The Yellow Wall-paper by Charlotte Perkins Gilman
The short narrative has over the years been hailed as the one of the most significant early feminist literatures. The narrative illustrates the attitudes that existed throughout the 19th century regarding the physical and the mental health of women. The story is presented in a first person and is written by a woman who is confined by her husband (John) in an upstairs bedroom that the latter has rented for the duration of the summer. John restricts the author to work, which includes reading and writing. As such, the author has to hide the journal from John, as is certain that she has been suffering from what he refers to as a ‘temporary nervous depression’ (Gilman 648). It is notable that this condition was common among the women during that period. The windows to the room where the author is detained are barred and there is a door through the top of the stairs that allows John to restrict her movement. It is apparent that the narrative is written during the time when the women were being subjected to oppression by their male counterparts and the society as a whole. To analyze the narrative one can take several perspectives.
First the story can be analyzed through the perspectives of the discourse by considering the male perception. The author takes a very resilient opinion against the males. Males are perceived as perceiving women first as children instead of individuals who can make their own decisions and live by them. This is evident when the narrator poses, “If a physician of high standing, and one's own husband, assures friends and relatives that there is really nothing the matter with one but temporary nervous depression -a slight hysterical tendency -what is one to do?” (648). The narrator shows the masculine perspective of the standing of women in the society through dialogue. This is apparent from the narrator’s explanation that regardless of what she says John does not believe her. As a typical 19th century male, John endeavors to transform his wife into a conformist by imposing his beliefs on her and expecting her to follow the same without any resistance (Thrailkill 525). For instance, John believes that there is nothing wrong with his wife and expects the wife to believe the same regardless of the wife’s physical and mental state. Further, John refers to his wife as a “blessed little goose” portraying her as a child and speaking to her in a manner that applies when an adult is speaking to a child. Through dialogue, Gilman manages to portray how women were oppressed through male perspectives during her time.

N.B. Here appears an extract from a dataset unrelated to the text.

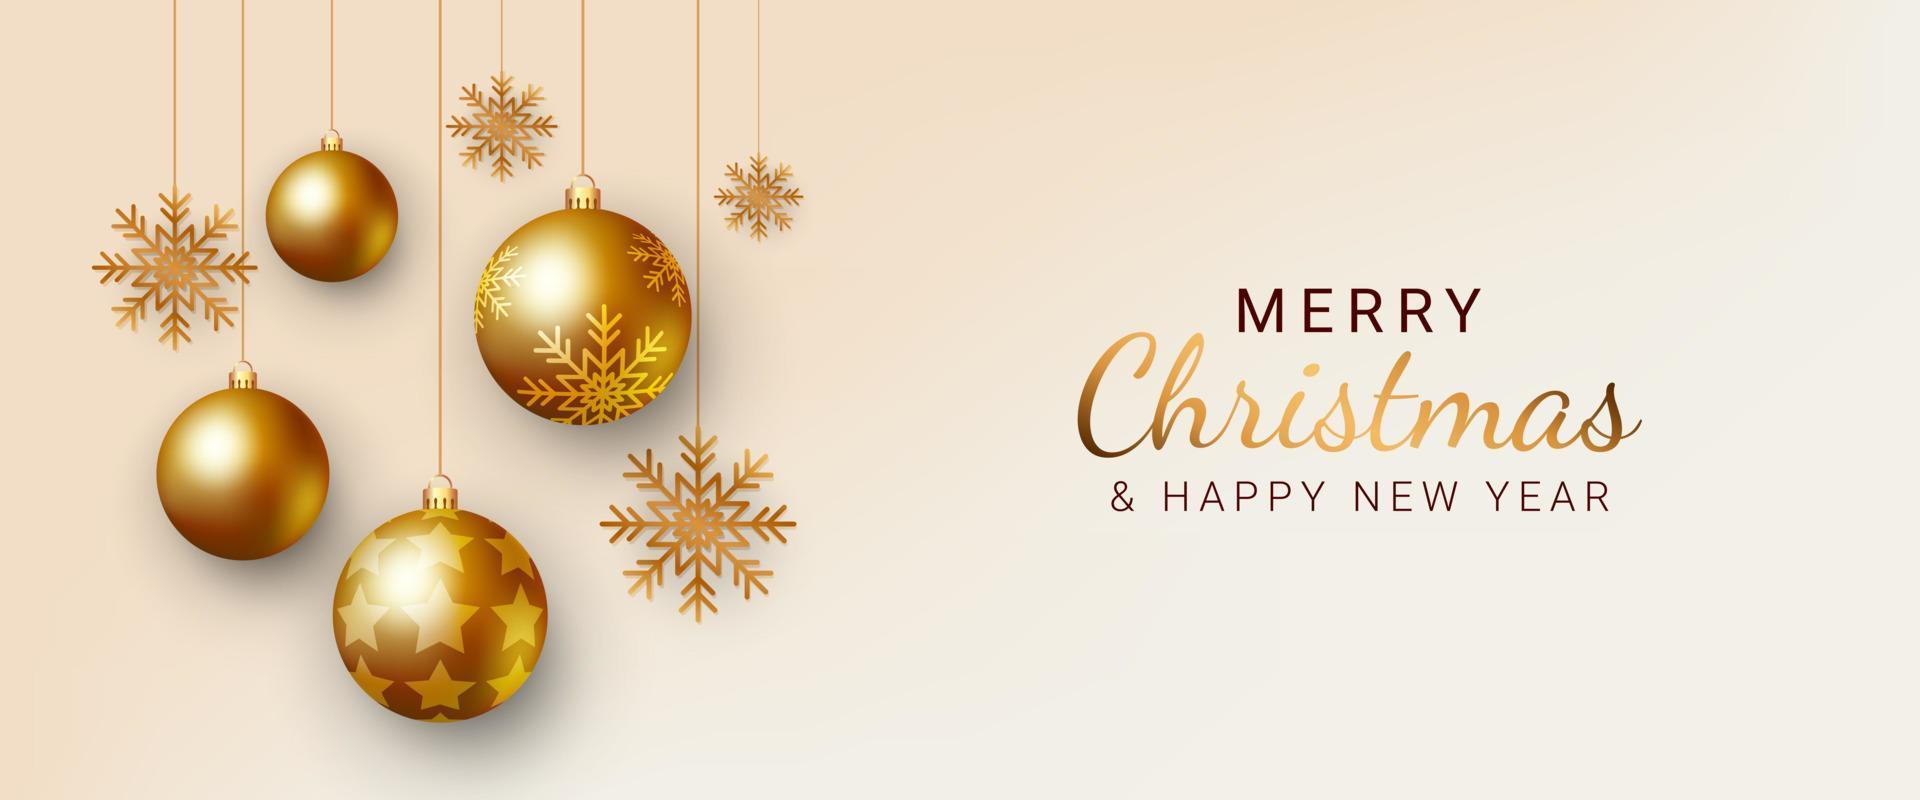 pancarta de navidad diseño de fondo de navidad con copos de nieve colgantes y adornos de bolas doradas. tarjetas de felicitación navideñas, invitaciones, encabezados. ilustración vectorial vector

Another perspective that one can analyze the standing of women in the 19th century society is the women’s perspective. The narrative illustrates two considerably different perspectives of women. The first women perspective is the conformist attitude that women embrace. The conformist attitude is enhanced by their belief that they must be submissive to the men. This apparent when the narrator states that she meant to be of help and comfort to John and that she is a comparative burden already (649). She feels that she has become a burden to John because she continues to complain about the yellow wallpaper despite John indicating that he was not going to get rid of it. The second women perspective is that of defiance. This is seen in the dialogue as the narrator is able to overcome her challenges. She states that she has “got out at last” and that neither John nor Jane would be able to pull her back (656). This is evident that the narrator had previously felt trapped and she was now capable of making her own decisions and acting for her own sake. The narrator eventually becomes a strong woman and the heroine of the story. Gilman is also able to show the both perspectives of women through dialogue.
The narrator uses symbolism in the narrative. Some of the symbols that are prevalent throughout the story include the yellow wallpaper, the sun, and the moon. The yellow wallpaper represents detention. This is obvious especially when the narrator states that the yellow paper seem to shake the pattern “as if she wanted to get out” (652). This symbolism is also triggered when the narrator requests to have the wallpaper removed but John repeatedly refuses to grant her request. Through the narrator’s realization that the yellow wallpaper is unfairly treated, she is able to reflect on her own predicament and is determined to escape her life that is similar to an imprisoned life.
The sun symbolizes the male dominion over the females while the moon symbolizes the compassion and intuition among females. These symbols shows that although, like the sun, males domineer over the women during the daytime, the moon which appears at night seem to provide the women with some kind of reprieve from the men’s domination.
In a nutshell, the narrative illustrates Gilman’s strong conviction about the women suffrage during the 19th century. In the story, Gilman demonstrates that contrary to popular belief, gender does not play any role regarding the abilities of individuals. The Yellow Wall-paper is very insightful narrative that provides information regarding the past women struggles. It also exemplifies optimism among the womenfolk that has aided in portraying the real respectable woman with equal rights and freedoms as their male counterparts.
Carnley, Peter. The Yellow Wallpaper and other sermons. Melbourne: HarperCollins Publishers,
Gilman, Charlotte Perkins. "The Yellow Wallpaper." Rediscoveries: American Short Stories by
Women, 1832 - 1916. Ed. Barbara H. Solomon. New York: Mentor, 1995, pp. 480-496.
Thrailkill, Jane F. "Doctoring "The Yellow Wallpaper". ELH 69 (2): 2002, pp. 525–566.